For Linux (Debian, Ubuntu, Mint)

Usage

To convert myfile.pdf to myfile.epub, open the terminal and run the following command in the directory where the PDF file is located:

pdf2epubEX myfile.pdf

Installation

  • Add the package repository (repository.dodeeric.be/apt):
sudo echo "deb [trusted=yes] https://repository.dodeeric.be/apt/ /" > /tmp/dodeeric.list
sudo mv /tmp/dodeeric.list /etc/apt/sources.list.d/
sudo apt update
  • Install the package (pdf2epubex):
sudo apt install pdf2epubex

All the dependencies will be automatically installed.

For MacOS and Linux (all distributions)

Usage

To convert myfile.pdf to myfile.epub, open the terminal and run the following command in the directory where the PDF file is located:

docker run -ti --rm -v `pwd`:/temp dodeeric/pdf2epubex pdf2epubEX myfile.pdf

You can also replace `pwd` by the absolute path of the directory where the PDF file is located (e.g.: /home/dodeeric/Documents/myfile.pdf):

docker run -ti --rm -v /home/dodeeric/Documents:/temp dodeeric/pdf2epubex pdf2epubEX myfile.pdf

Installation

You need to install Docker which is available for all computer operating systems: Linux, Windows and MacOS. See here.

For Windows

Usage

To convert C:\Users\Eric\Documents\myfile.pdf to C:\Users\Eric\Documents\myfile.epub, open a terminal (PowerShell, Command Prompt or Windows terminal) and run the following command:

docker run -ti --rm -v C:\Users\Eric\Documents:/temp dodeeric/pdf2epubex pdf2epubEX myfile.pdf

or

docker run -ti --rm -v /c/Users/Eric/Documents:/temp dodeeric/pdf2epubex pdf2epubEX myfile.pdf

Installation

You need to install Docker which is available for all computer operating systems: Linux, Windows and MacOS. See here.

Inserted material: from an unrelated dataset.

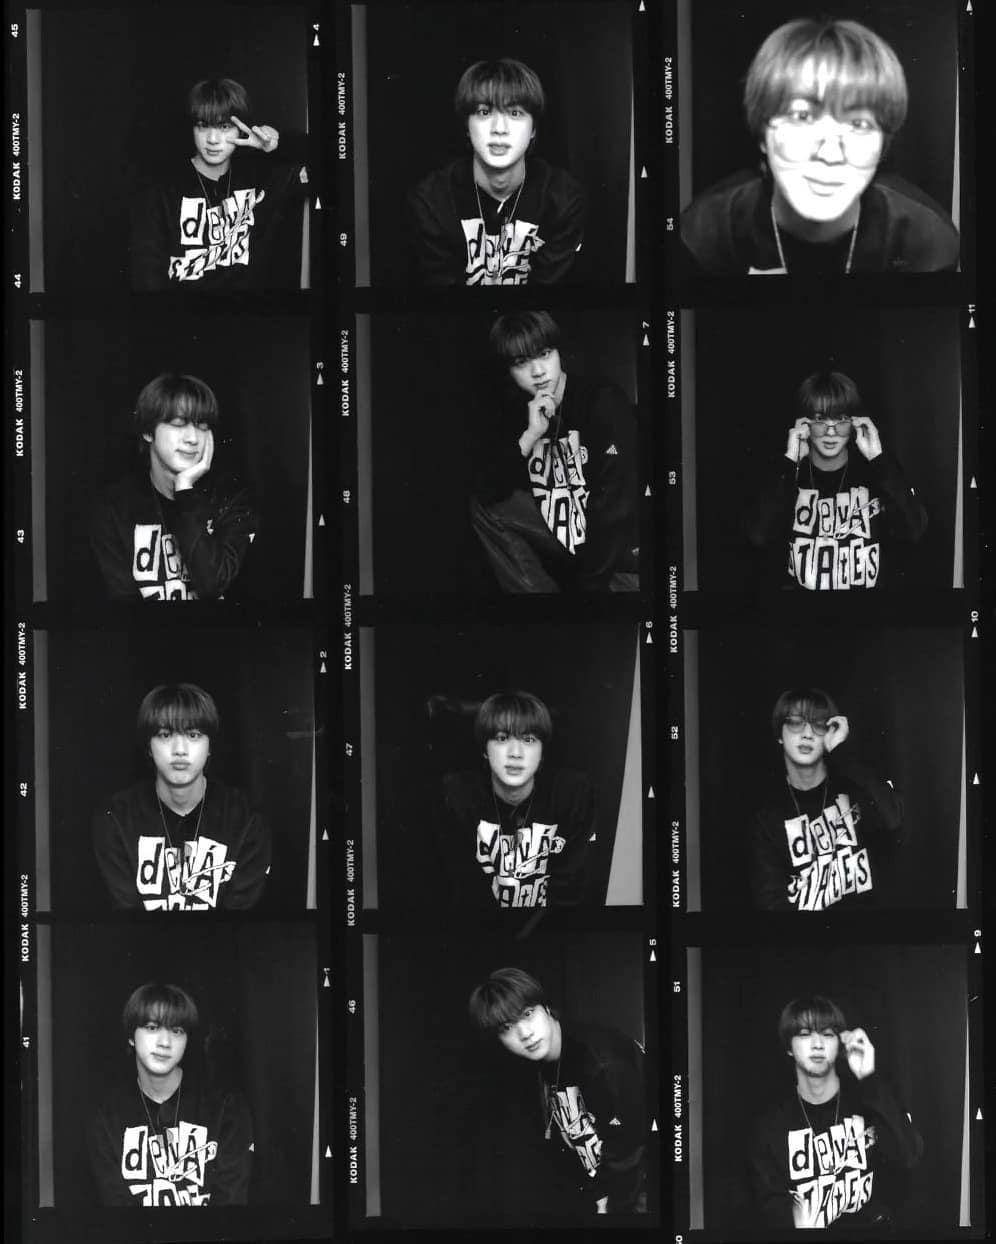 Jin BTS Ketahuan Pakai Baju Milik Brand Indonesia saat Photo Booth

Remark: You will first have to install WSL1 (Windows Subsystem Linux), then update to WSL2.

pdf2htmlEX

You can also use pdf2htmlEX with this same Docker image:

To convert myfile.pdf to myfile.html, open the terminal and run the following command in the directory where the PDF file is located:

docker run -ti --rm -v `pwd`:/temp dodeeric/pdf2epubex pdf2htmlEX myfile.pdf

Remark: use the dodeeric/pdf2epubex:original Docker image to use the original version of pdf2htmlEX (coolwanglu).

Parameters

Once you launch pdf2epubEX, some information will be displayed like the book/PDF width and height (in inches and cm), then some questions will be asked like:

  • Format of the images in the epub (png, jpg or svg) [default: jpg]
  • Resolution of the images in the epub in dpi (e.g.: 150 or 300) [default: 150]
  • Title, author, publisher, year, language, ISBN number, subject

If you want, you can hit ENTER to all the questions.

Image formats:

  • if you chose png or jpg (bitmap formats), the vector images of the PDF will be converted in bitmap images (rasterized).
  • if you chose svg (vector and bitmap format), the vector images of the PDF will remain in vector format, but: a) you cannot chose the resolution of the bitmap images (it is the one from the PDF); b) the bitmap images will be included in the svg files (Base64 coded); c) this format is not always correctly rendered by eBook readers; d) the generated epub file is not always passing the epub check.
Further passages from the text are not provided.